20年に1度というネットワークの革新に向けて。

―OpenFlow技術の研究開発。そのきっかけや経緯を教えてください。

写真:岩田 淳 氏

岩田:2006年にアメリカのスタンフォード大学を訪問した際、コンピュータサイエンス学科のNick Mckeown教授から申し出があったのです。それは、これまでのネットワーク技術を改革するのではなく、新しいネットワーク技術をゼロから考えて開発する研究活動(Clean Slate Program)というものでした。当時、新世代ネットワークと呼ばれる研究が国内で議論されていた時期で、新しいネットワークの研究を早くから進めていたNECは、スタンフォード大学からの申し出に賛同して共同研究をスタートさせました。共同研究のテーマはいろいろありました。当時はまだ、OpenFlowという言葉はありませんでしたが、研究テーマのひとつにOpenFlowの原点となる研究開発があったのです。OpenFlowの共同研究では、SDN実現に役立つシーズのようなものが当時あったので、それをもとに議論を重ねながら徐々に方式を固めていきました。
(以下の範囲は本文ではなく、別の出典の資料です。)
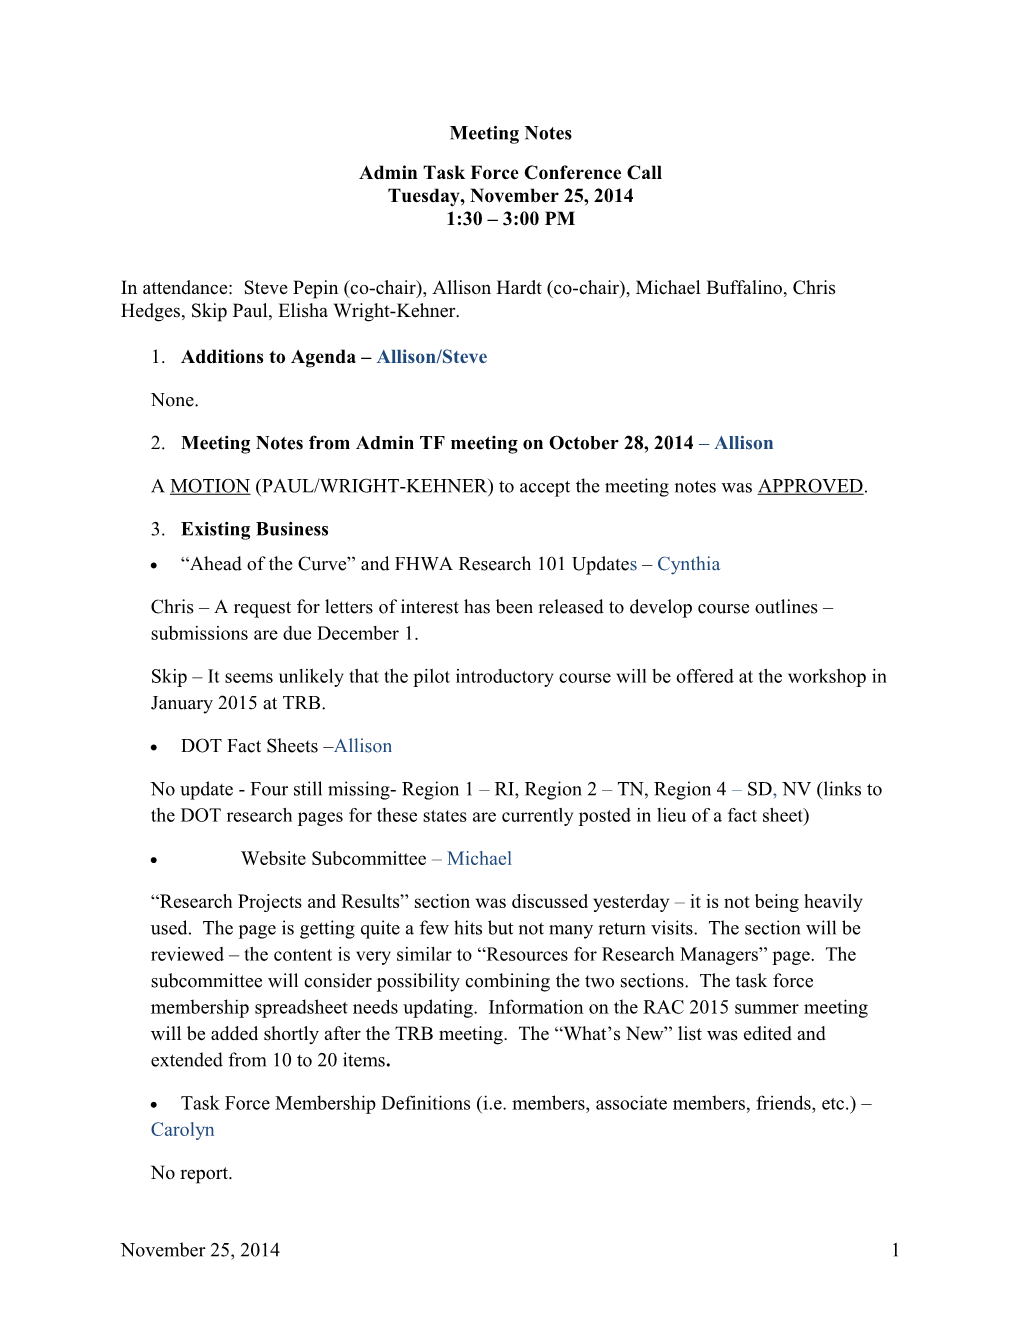 Admin TF Meeting Notes: November 25, 2014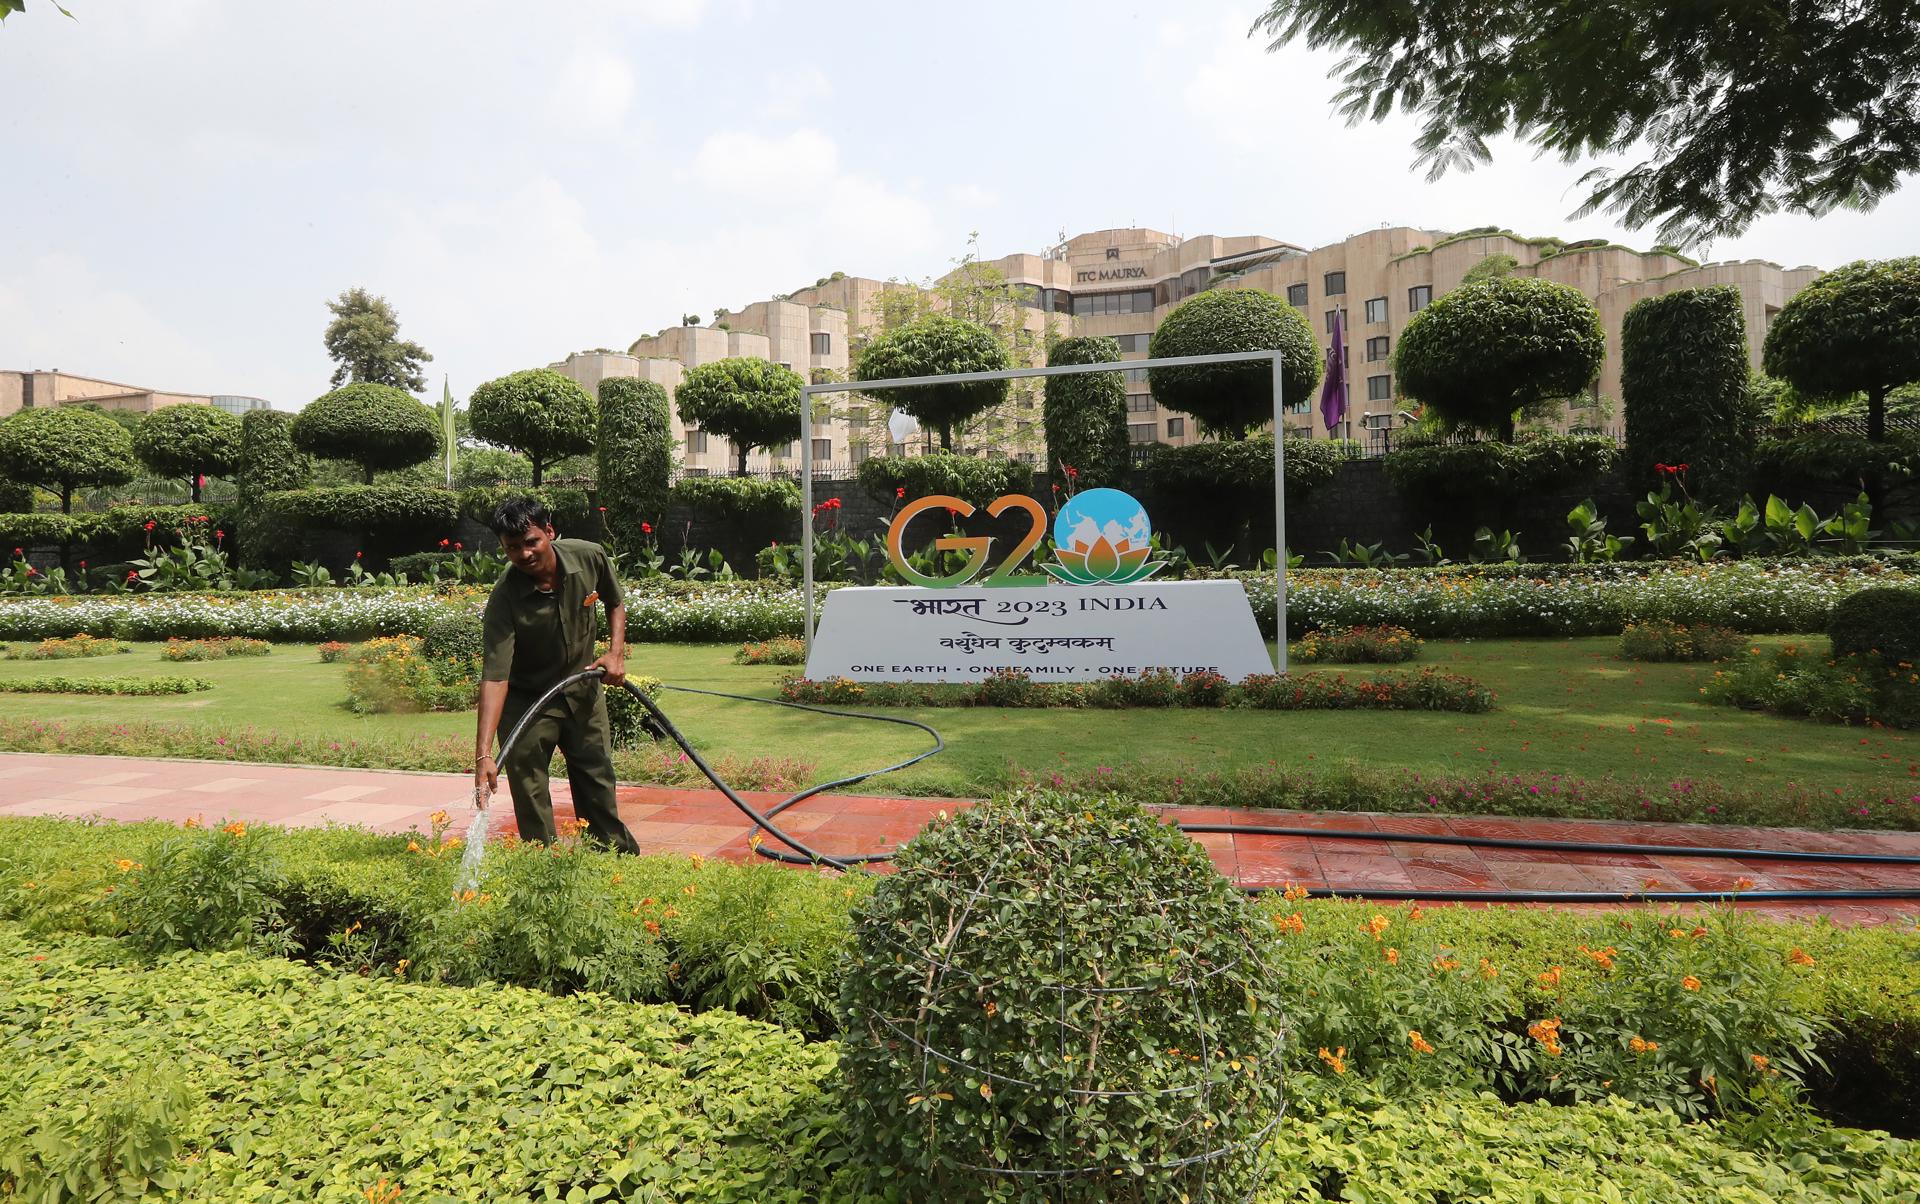 ITC Maurya hotel ahead of G20 Summit in Delhi, India, 31 August 2023. EFE-EPA/HARISH TYAGI

―NECとスタンフォード大学におけるOpenFlowの共同研究とは、
具体的にどのようなものだったのでしょうか。

岩田
:簡単に言うと、OpenFlow対応のソフトウェアを従来のスイッチに組み込み、新たなネットワーク制御のアプリケーションをコントローラ上にプログラムし、実際のネットワークを使ってトライアル検証を進めながら仕様の完成度を向上していくというものでした。具体的には、まずNECが製造・販売している既存のスイッチのソフトウェア機能だけをOpenFlow対応にする改造を、日本の研究所で行いました。NECの事業部とともに、OpenFlowに対応したスイッチの原型となる試作機をつくり上げたのです。そして日本でつくった試作機をアメリカのスタンフォード大学に送り、ネットワークを使って様々な実証実験を繰り返して行いました。初めは自分たちが使っている身近なネットワークで検証を行い、次第に学内のさまざまなビル、さらに複数の大学へと実証実験の対象を拡げ、検証結果の実績を高めていきました。
 実証実験から得られたさまざまなデータは再び日本に送られ、ソフトウェアの改良や試作機のバージョンアップのために利用します。そしてバージョンアップした試作機をアメリカに送り、また実証実験を行うという繰り返しで、かなり大変な作業でした。実際のネットワークを動かしながら、スイッチの機能や性能を上げていくというスタイルは、クルマを実際に走らせながらその性能をチューンアップしていくF1マシンの開発に似ているとも言えますね。

世界初、SDNを実現する製品化に成功。

―OpenFlow対応として世界で初めてNECが製品化に成功した
「UNIVERGE PFシリーズ」開発について教えてください。

岩田
:スタンフォード大学との間での2年間ほどの共同研究の後、2009年頃には製品化への道が見えてきたため、事業部に対して製品化の打診を行いました。もちろんその当時は、OpenFlowに対応した製品がどのように世の中に受け入れられるのか、まったく予測できない時期でした。またNECでは、これまでネットワーク機器の製造販売、SIerとしてさまざまなネットワークの構築や運用などを手がけていました。そうしたこれまでのNECの事業に対して、新たなOpenFlow対応の製品はどんな影響を及ぼすのか。さらにお客さまへ提供できる新たな価値や10年後のNECのビジネス像、さらにグローバル市場の成長などを見据えた結果、製品化に踏み切り、OpenFlow領域をNECがけん引して行こうという結論に達したのです。そして約2年の製品開発の末、ついに2011年に世界で初めてOpenFlowに対応した「UNIVERGE PFシリーズ」として製品開発を成功させました。

―「UNIVERGE PFシリーズ」の開発では、どんな裏話や苦労がありましたか?

岩田
:UNIVERGE PFシリーズの製品開発のために発足したプロジェクトでは、いろんな事業部から開発メンバーが集まってチームを編成しました。わかりやすく言うと、IT系とネットワーク系に精通したプロたちの混成チームでした。IT系とネットワーク系では、まず使っている言葉が違います。文化や仕様、テストの進め方も違います。なので、まず最初にやったことは言葉合わせでした(笑)。考えや主張のぶつかり合いなど、最初のころは喧々諤々いろんなやり取りがありました。そうした中でお互いの良さを認め合い、いいとこ取りを行っていくうちに、ITとネットワークの強みを融合した成果として、世界に先駆けた製品を生み出すことができたのです。

―2011年、OpenFlowの製品化に成功した頃、
SDNの実現に向けた世界の動きは、どのような状況だったのでしょうか?

岩田
:NECが世界で初めてOpenFlow対応製品「UNIVERGE PFシリーズ」として製品化した2011年、時を同じくしてOpenFlow技術を標準化しようという大きな動きが世界で始まりました。日本ではNTTやNEC、海外ではヤフーやグーグル、フェイスブック、マイクロソフト、さらにはドイツテレコムなど、世界を代表する大手通信キャリアやプロバイダ、ICTベンダーがメンバーとなった標準化団体であるOpen Networking Foundation(ONF)が発足しました。いま、OpenFlowの標準化への動きがグローバルに拡がっています。NECは、OpenFlowに関する研究開発、製品化、そして標準化と、さまざまな側面から時代をリードしてきたと言えるでしょう。